GBP: ‘Flash crash’ implications for the pound, May and the BoE - MUFG

Derek Halpenny, European Head of GMR at MUFG, notes that the pound plunged during the early part of the Asian trading session, hitting an intra-day low of 1.1841 according to Bloomberg pricing.

Key Quotes

“Although there is debate on that with the low possibly even lower, with one trading platform recording a low of 1.1378 – to the Bloomberg low it amounts to a 6.1% drop, approaching the scale of the move on the day Brexit was confirmed.

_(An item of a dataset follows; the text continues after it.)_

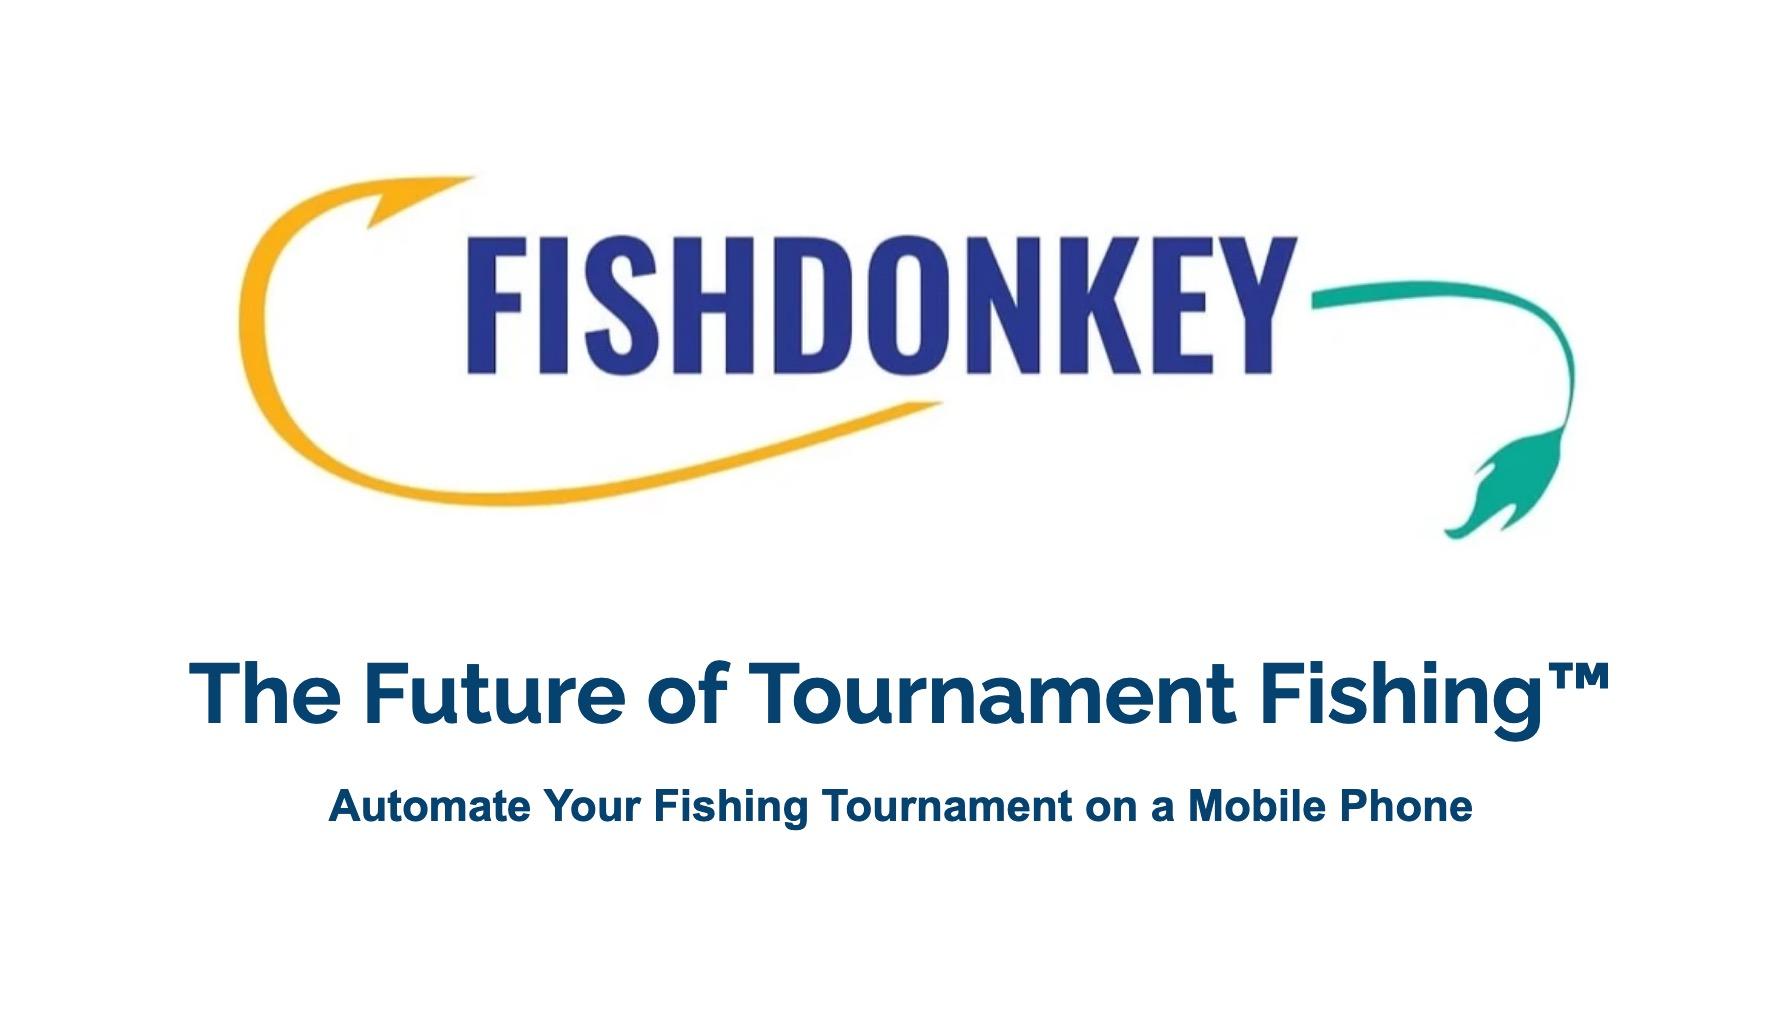 Fish Donkey Logo

This of course has ‘flash crash’ written all over it and there is no logical fundamental justification to explain such an extreme move. There have been other examples of this with the South African rand suffering a near 10% plunge in January and this latest extreme move will do nothing for confidence in the market and may well reinforce the probability of this becoming a more frequent occurrence going forward. The greater share of the market that automated algorithmic trading takes in a less reliably liquid market, the greater the risk of these types of moves going forward. This will grab huge attention in the UK media of course and in a week when PM Theresa May is perceived to have laid out a ‘hard Brexit’ course for the UK leaving the EU, the government is likely to receive criticism.

So there are perhaps three implications in the aftermath of this pound ‘flash crash’. Firstly, whether justified or not, the government is likely to come in for considerable criticism in the press over the lack of clarity since the Brexit vote which will only intensify pressure on the government to get on with invoking Article 50 as quickly as possible and trying to reduce the element of uncertainty as quickly as possible. Also this may shape the internal government debate over the direction Brexit should take.

Secondly, ‘flash crash’ as this most likely is, it will no doubt still add considerably to the current negative sentiment for the pound. We argued in a Brexit update this week that the current sell-off is sentiment driven and that the fundamental backdrop for the pound was actually better than expected given the resilience the UK economy has shown since the vote. But sentiment can influence direction for some time before the fundamental backdrop exerts itself and this ‘flash crash’ leaves sentiment in the driving seat for pushing the pound lower still over the short-term.

Finally, I think we can put the idea of another imminent rate cut by the BoE to bed. A month ago, the positive fundamental story made us change our view from a rate cut to the BoE refraining from further action. While it can be argued that UK officials want a weak pound, we doubt the BoE would see the risk-reward of cutting as attractive in this environment and with confidence in the pound now so fragile. Recall also, Governor Carney’s infamous comment that Brexit would raise risks for the pound given the UK was dependent on the “kindness of strangers” for financing its record current account deficit. We did get good news on that last week with huge financing inflows from those “strangers” that easily covered the deficit but further monetary easing in the aftermath of today’s sharp pound plunge would be a risk too far – especially given it is not really needed now anyway in our view.”